# ABOUT THIS TASK
Copy out the data below as written; omit any images.

# RECORDED INFORMATION
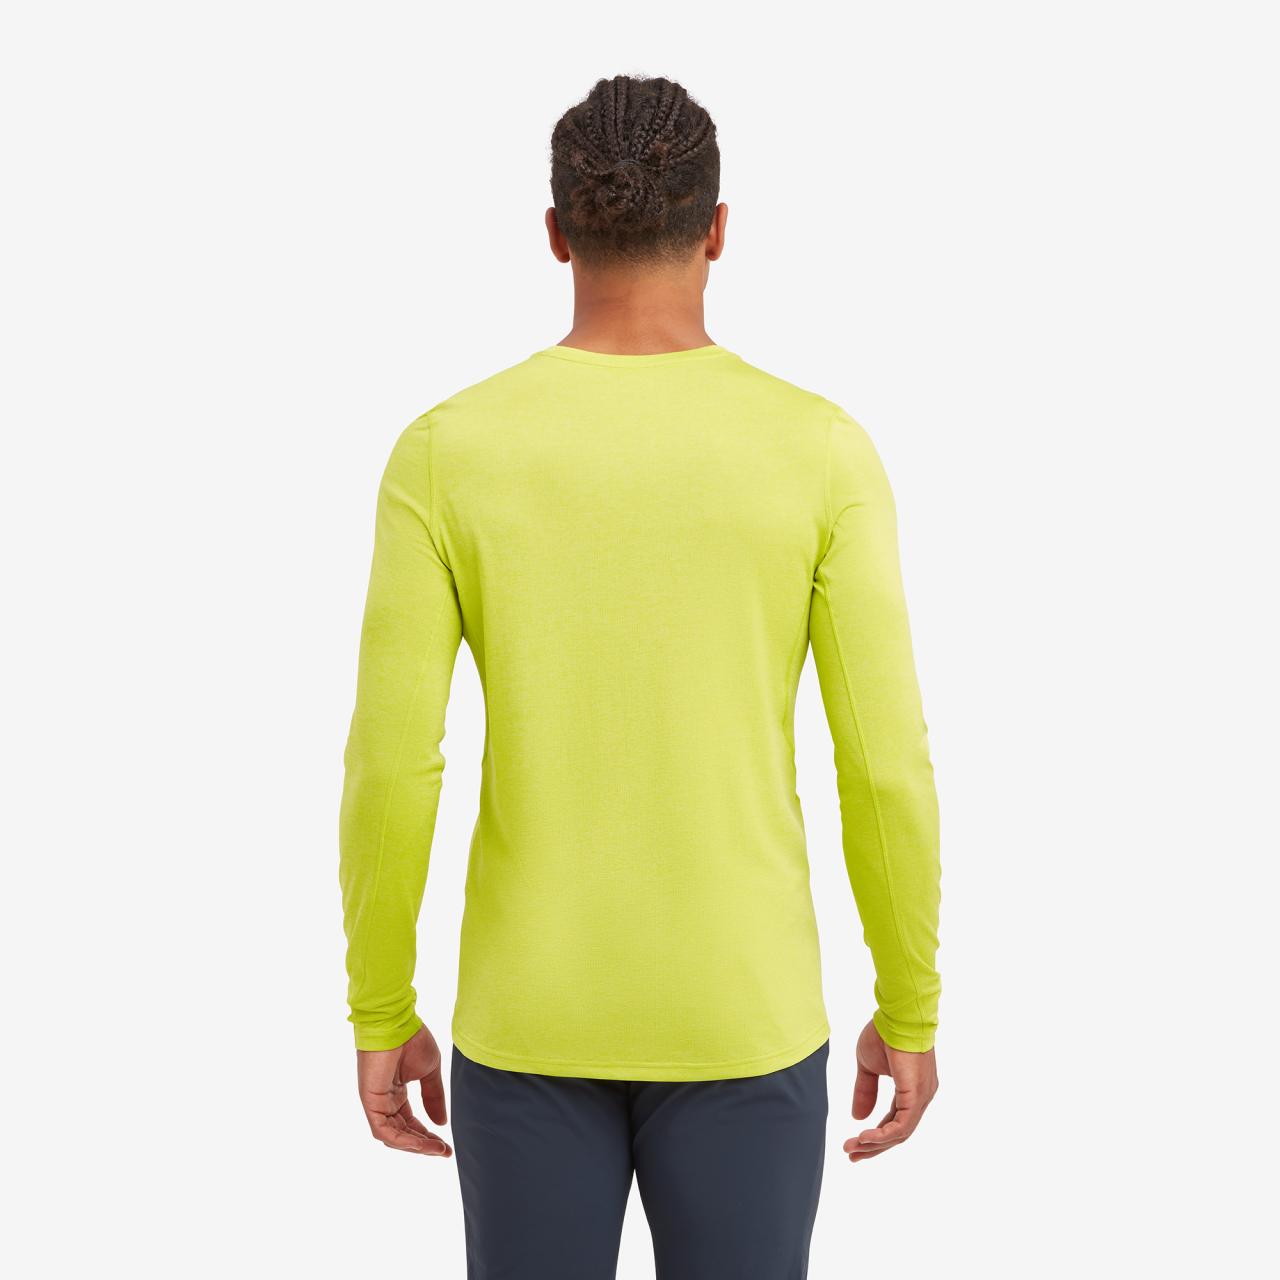 DART LONG SLEEVE T-SHIRT-CITRUS SPRING-S pánské triko dlouhý ruk. žlutozelené
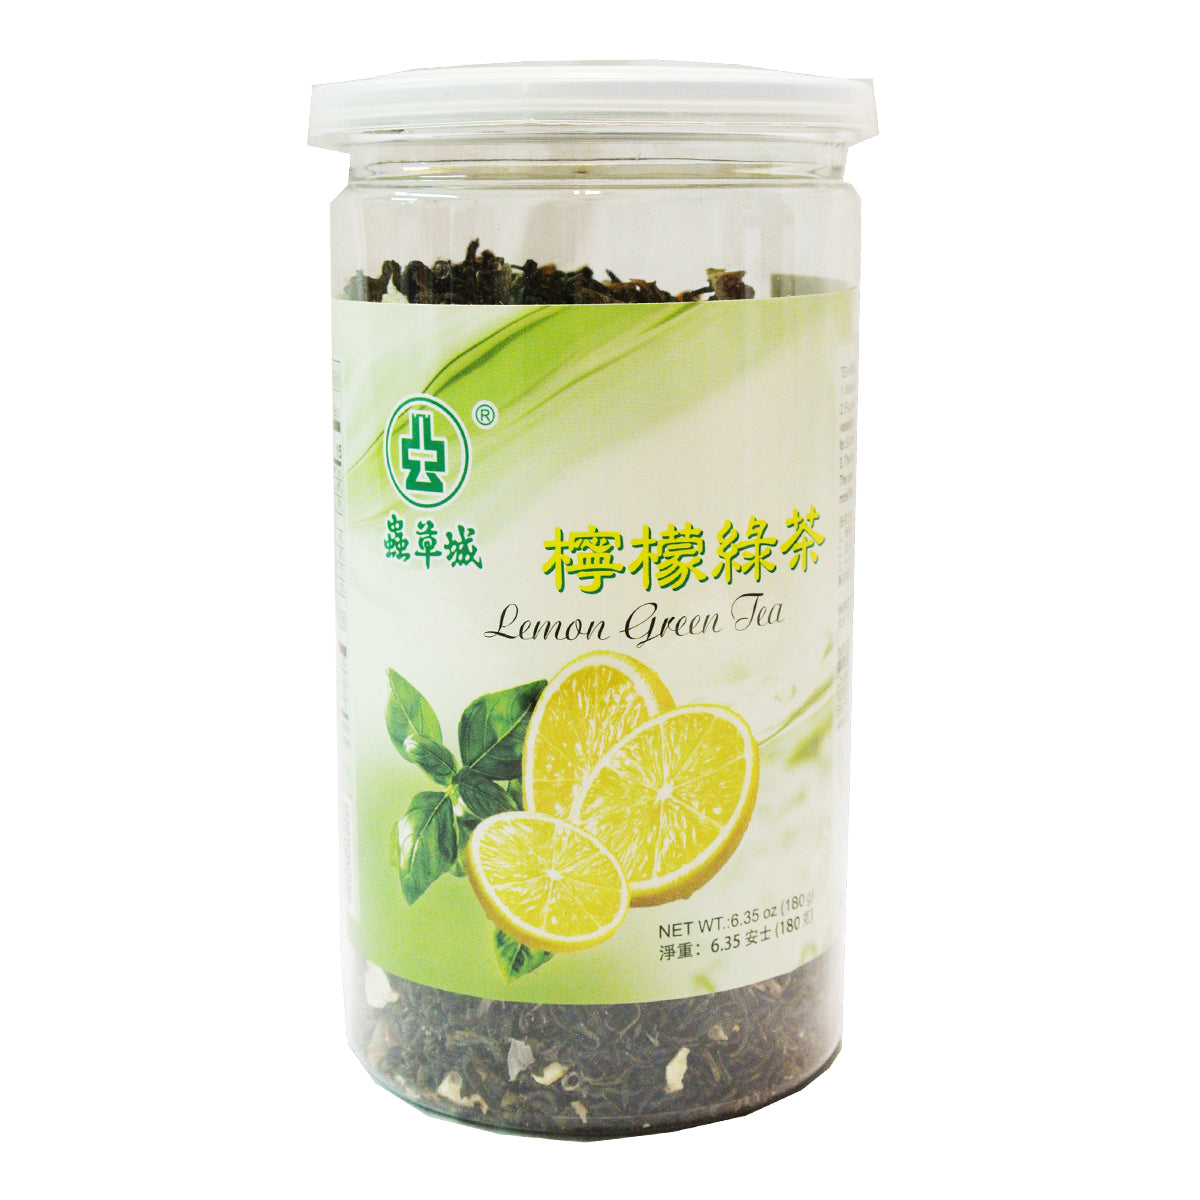 Lemon Green Tea 180g
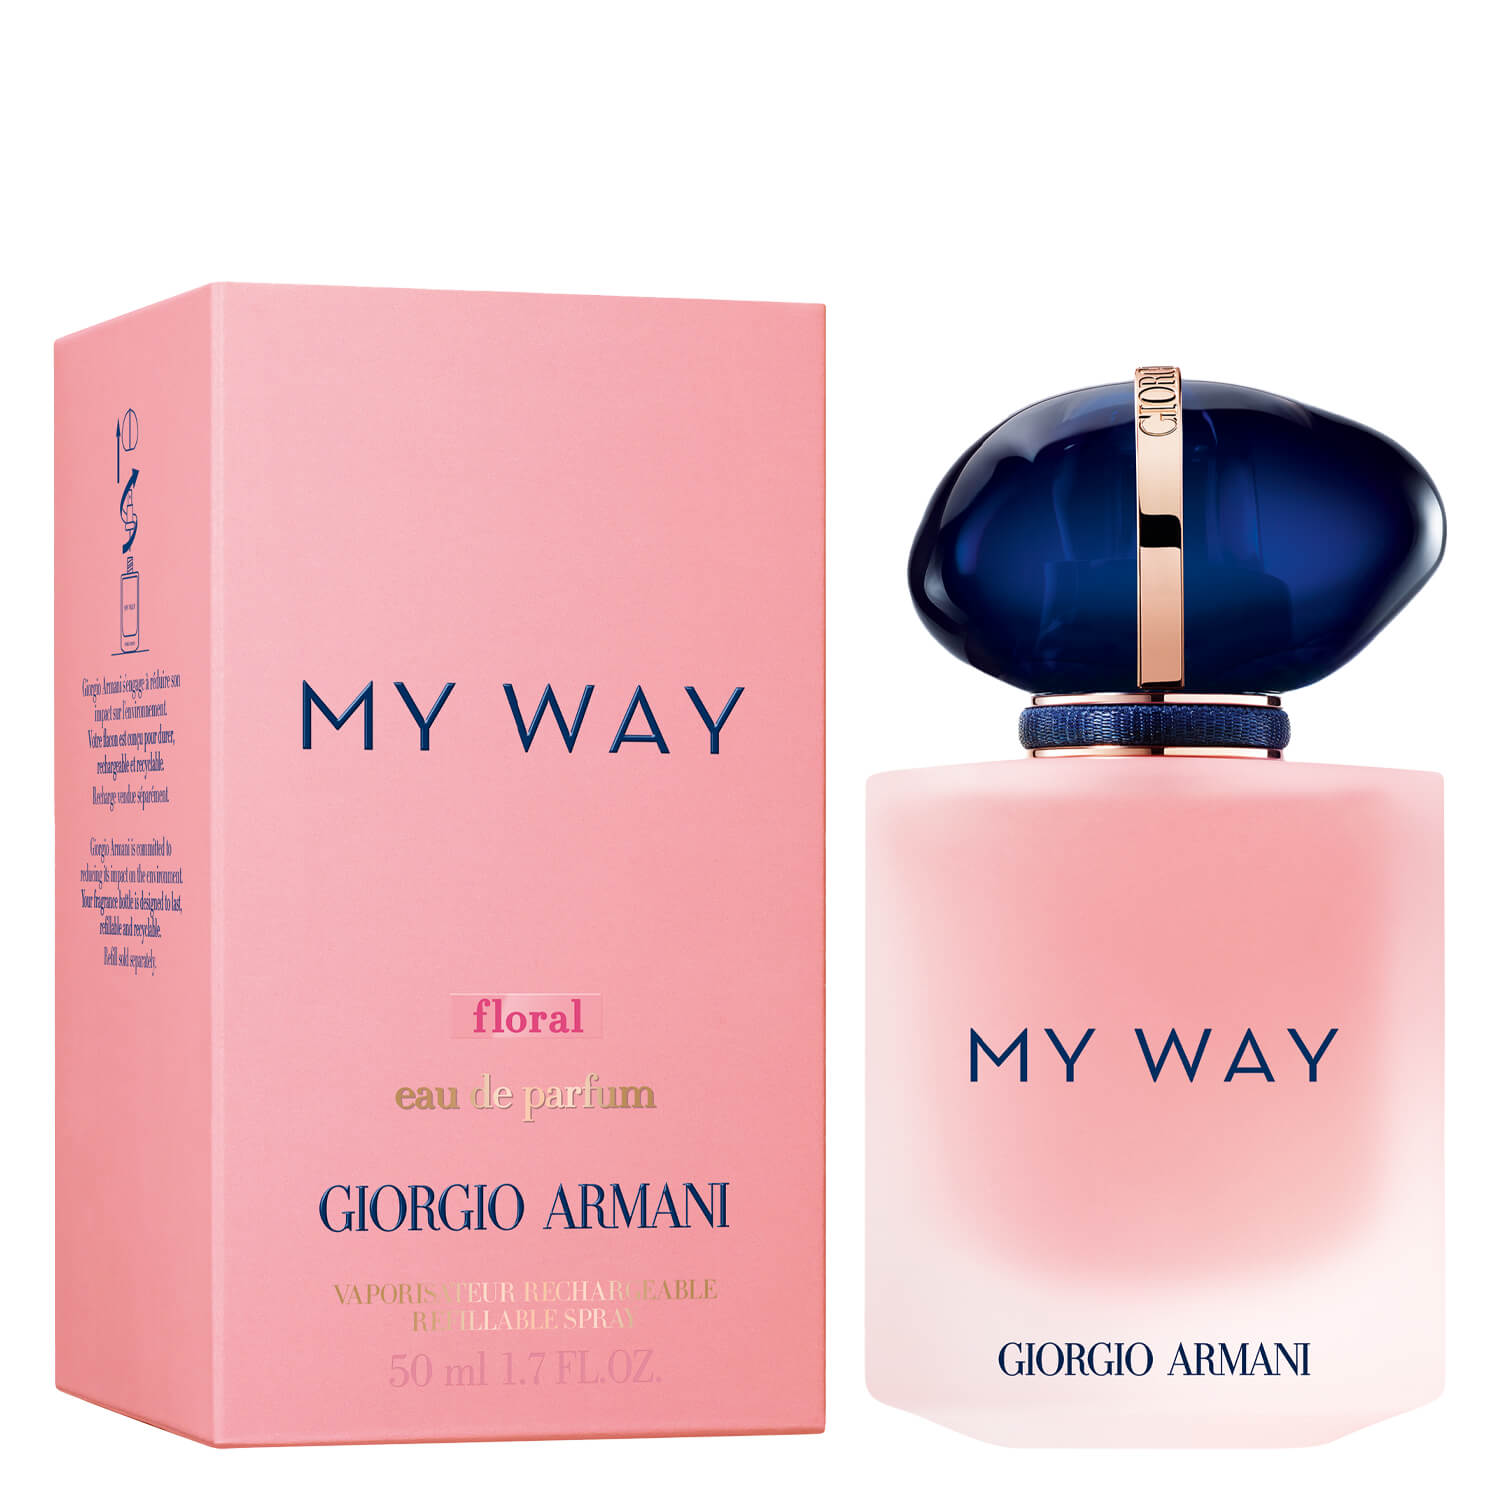 Giorgio Armani MY WAY - Floral Eau de Parfum

# EXPECTED ANSWER
 DART LONG SLEEVE T-SHIRT-CITRUS SPRING-S pánské triko dlouhý ruk. žlutozelené
 Lemon Green Tea 180g
 Giorgio Armani MY WAY - Floral Eau de Parfum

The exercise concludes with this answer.